Here's evaluation of boolean satisfiability encoding of protein folding problem: https://pmc.ncbi.nlm.nih.gov/articles/PMC7197060/

Boolean satisfiability solvers are used in satisfiability modulo theories solvers that, in turn, are used to prove various things about programs.

thesz · 2025-01-30T19:08:25 1738264105

> Heuristics are dead

I guess it is an example of an heuristic.

ahartmetz · 2025-01-31T05:33:52 1738301632

Absolutely. LLMs use methods that are not really provably solving the given problem, they just happen to work in most relevant cases. That's a heuristic.

sitkack · 2025-01-31T13:00:16 1738328416

http://www.incompleteideas.net/IncIdeas/BitterLesson.html

> Our methodology leverages state-of-the-art natural language processing techniques to systematically evaluate the evolution of research approaches in computer vision. The results reveal significant trends in the adoption of general-purpose learning algorithms and the utilization of increased computational resources. We discuss the implications of these findings for the future direction of computer vision research and its potential impact on broader artificial intelligence development.

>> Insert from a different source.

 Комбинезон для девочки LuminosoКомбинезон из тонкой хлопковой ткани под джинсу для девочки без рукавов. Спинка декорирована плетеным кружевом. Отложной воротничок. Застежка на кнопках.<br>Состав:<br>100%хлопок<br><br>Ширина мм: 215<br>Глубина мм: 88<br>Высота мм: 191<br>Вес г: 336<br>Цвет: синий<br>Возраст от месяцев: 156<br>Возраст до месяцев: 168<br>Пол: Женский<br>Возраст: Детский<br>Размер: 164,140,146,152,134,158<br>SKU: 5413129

https://arxiv.org/abs/2410.09649v1

ahartmetz · 2025-01-31T13:47:07 1738331227

I know that these algorithms are the best that exists for many tasks, but any non-deterministic non-provable algorithm is still technically a heuristic. Also, currently, the bitter lesson seems to be that more of the same runs into diminishing returns, contrary to "The Bitter Lesson"(tm). There will probably be a better AI architecture at some point, but "lol just add more GPUs / data / RAM" times are kind of over for now.

sitkack · 2025-01-31T16:12:37 1738339957

You are misinterpreting the bitter lesson, it only gets more bitter with time!

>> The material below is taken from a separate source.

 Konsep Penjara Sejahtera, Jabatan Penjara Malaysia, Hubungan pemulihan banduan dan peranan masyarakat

The arxiv paper is well written, worth a read.

ahartmetz · 2025-01-31T17:48:08 1738345688

I don't think that I misunderstood - it says that more computing power beats "hand-engineering". But more computing power doesn't seem to work that well anymore to improve AI performance - and there is not much more computing power coming in the next couple of years, not orders of magnitude more for free like it used to be. Case in point: the somewhat disappointing new nVidia generation.

sitkack · 2025-01-31T20:16:35 1738354595

> it says that more computing power beats "hand-engineering".

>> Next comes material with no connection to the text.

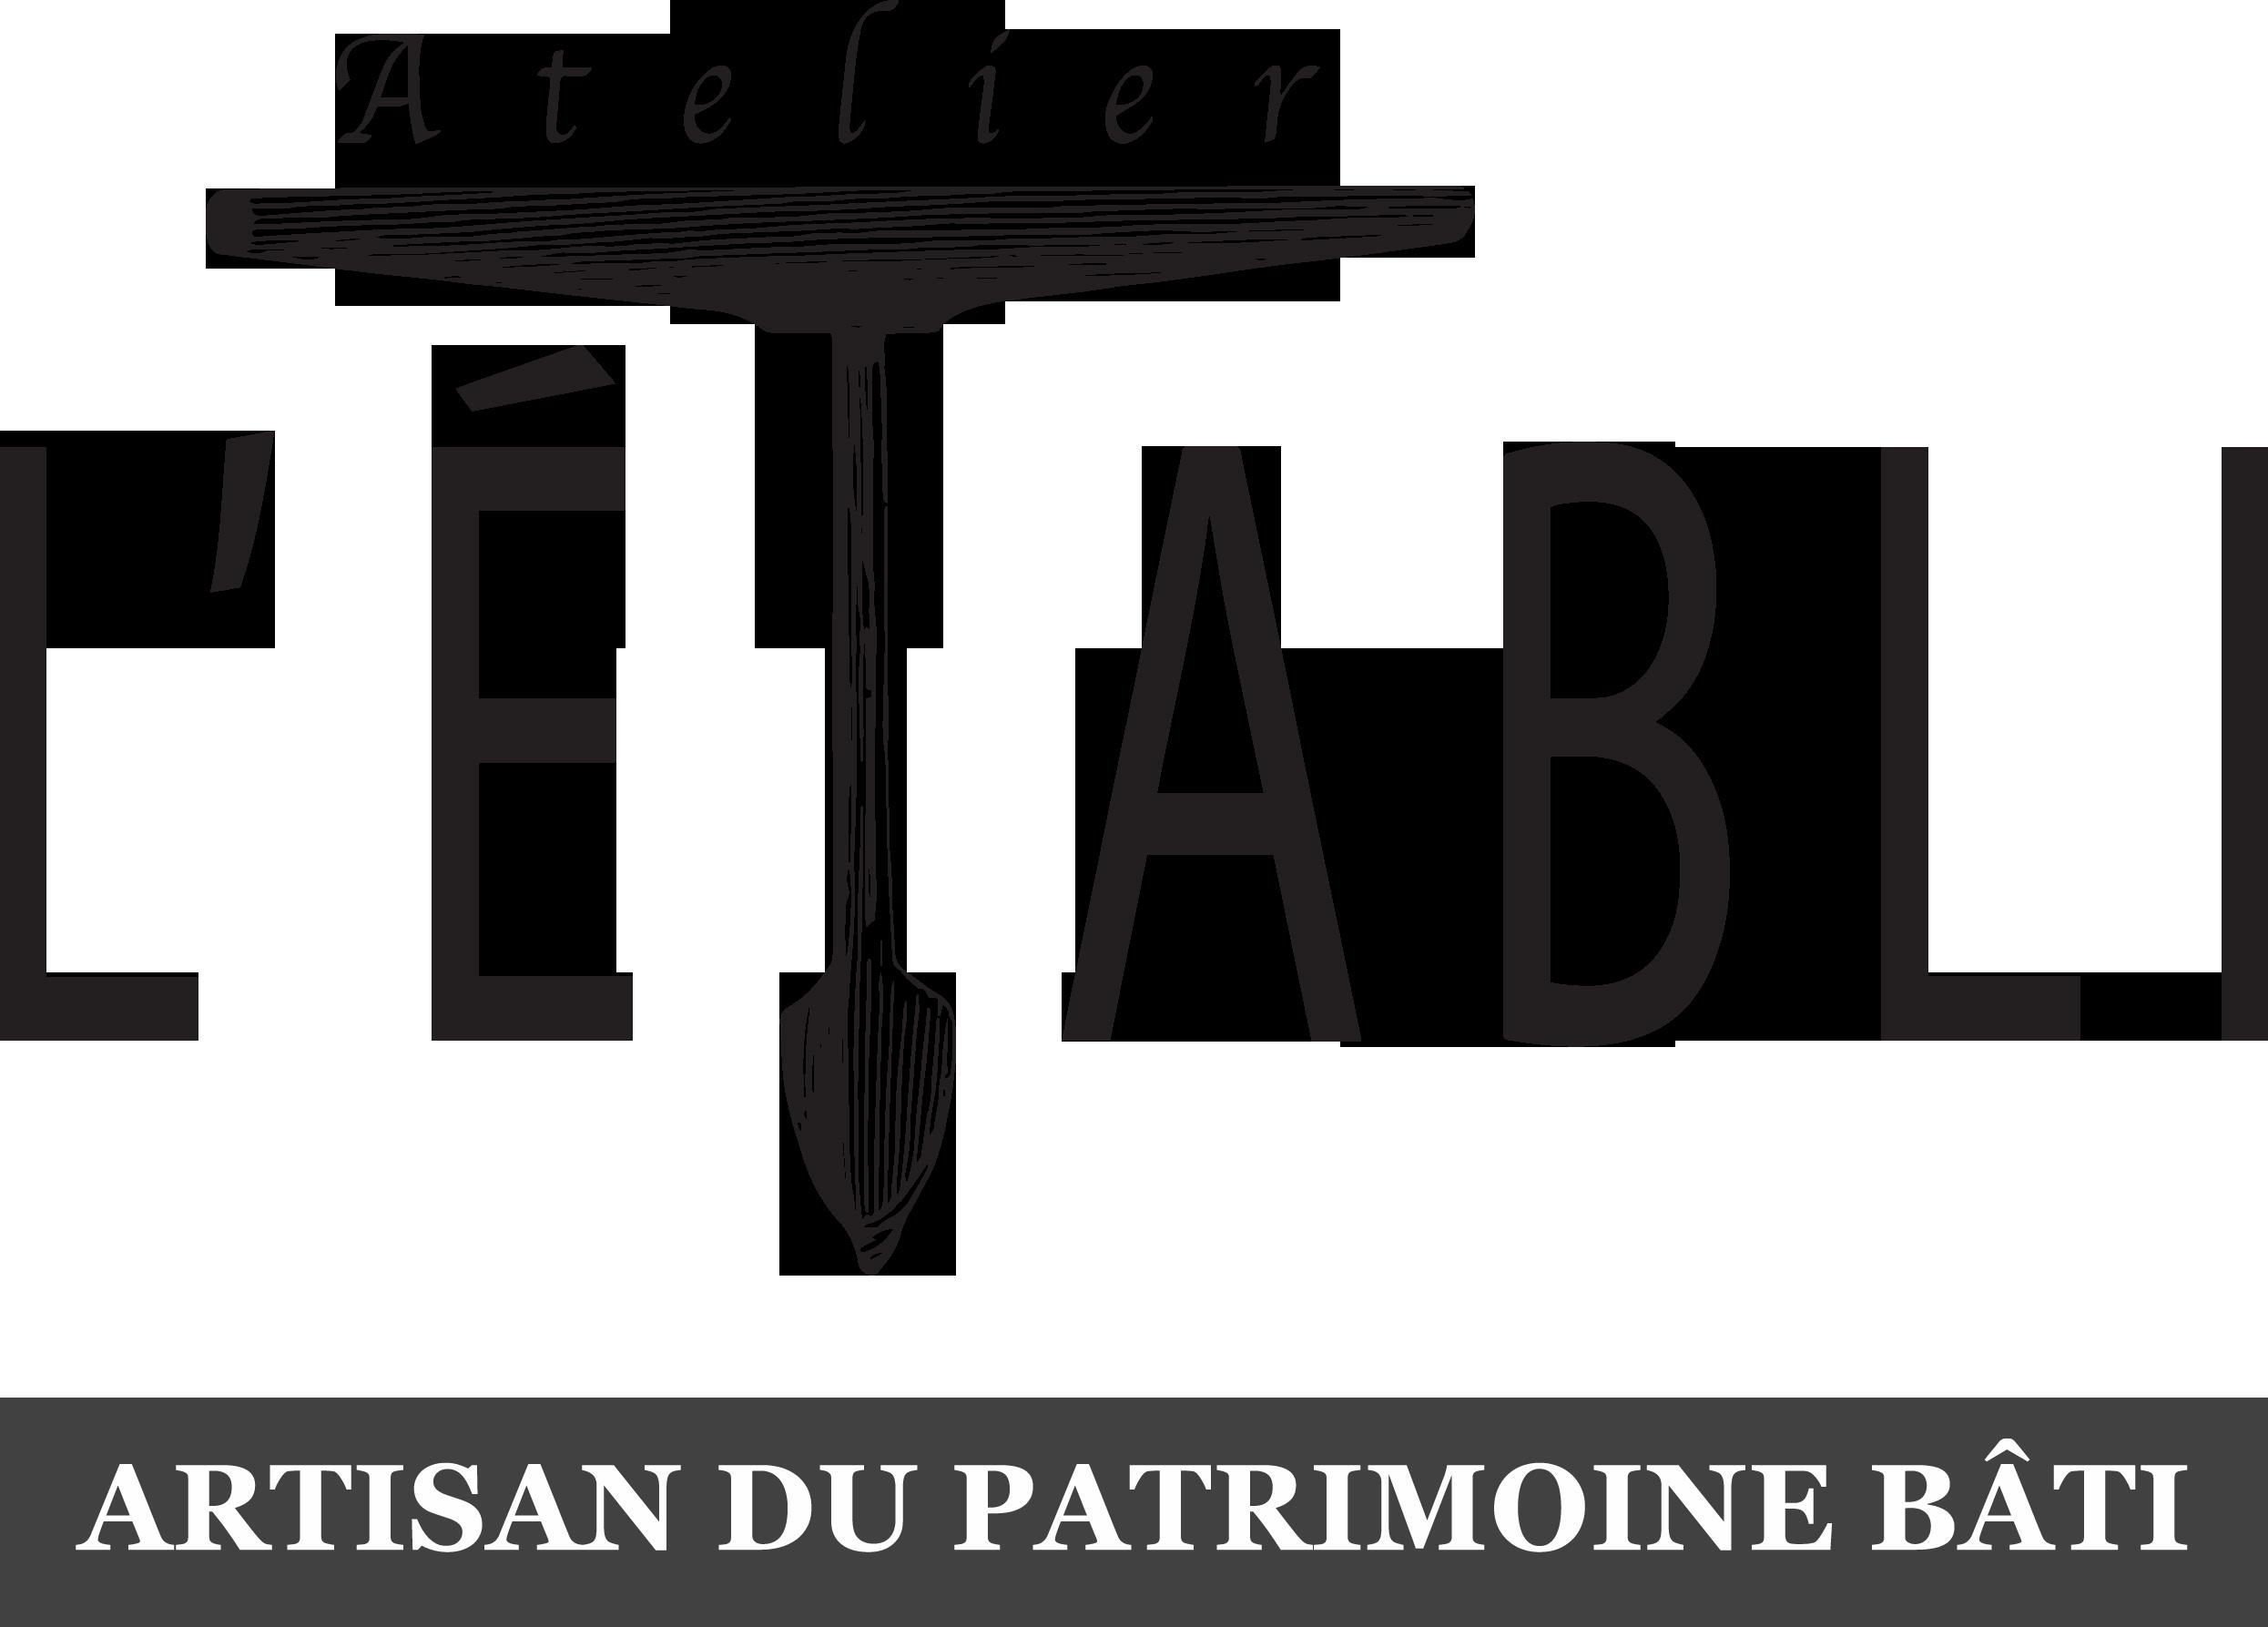 logo-vecto avec artisan patrimoine bati-2

This is the simplistic tl;dr, but that isn't what is says. You should reread the essay and the linked arxiv paper.

It is much more than throwing more compute at a problem.

thesz · 2025-01-30T19:05:31 1738263931

> Give time to researchers to gather enough mappings between source code and machine code, get used to training large predictive models, and you shall see top notch decompilers that beat all engineered methods.

Decompilation is about dependencies which makes it a graph problem.

One such problem is boolean satisfiability and this particular kind of problem is extremely important. It also very easy to gather mappings between CNF and solutions. Actually, randomization of standard benchmarks is now part of SAT competitions, AFAIK.

Have you seen any advances there using large predictive models?

Proper decompilation is even harder, it is much like halting problem than SAT. Imagine that there is a function that gets inlined and, therefore specialized. One definitely wants source for the original function and calls to it, not a listing of all specializations.

This moves us to the space of "inverse guaranteed optimization" and as such it requires approximation of the solution of halting problem.

thesz · 2025-01-27T09:06:13 1737968773

  > It was strange to me that there was no log-as-service...

Actually, there are plenty of them. Most heard of is Ethereum 2.0 - it is a distributed log of distributed logs.

Any blockchain that is built upon PBFT derivative is such a system.

thesz · 2025-01-25T04:44:31 1737780271

  > Would you reimplement a regex engine yourself? I hope not.

Yes, because there are plenty to choose from. ;)

I've implemented parallel-parsing-processes-style [1] parser combinators in at least three languages, though.

[1] https://www.cambridge.org/core/services/aop-cambridge-core/c...

thesz · 2025-01-24T22:49:08 1737758948

...which takes these remaining 99% of a development time...

saagarjha · 2025-01-25T04:22:41 1737778961

Surely your LTO bugs are not so easy to fix that they take less time to resolve than linking itself does.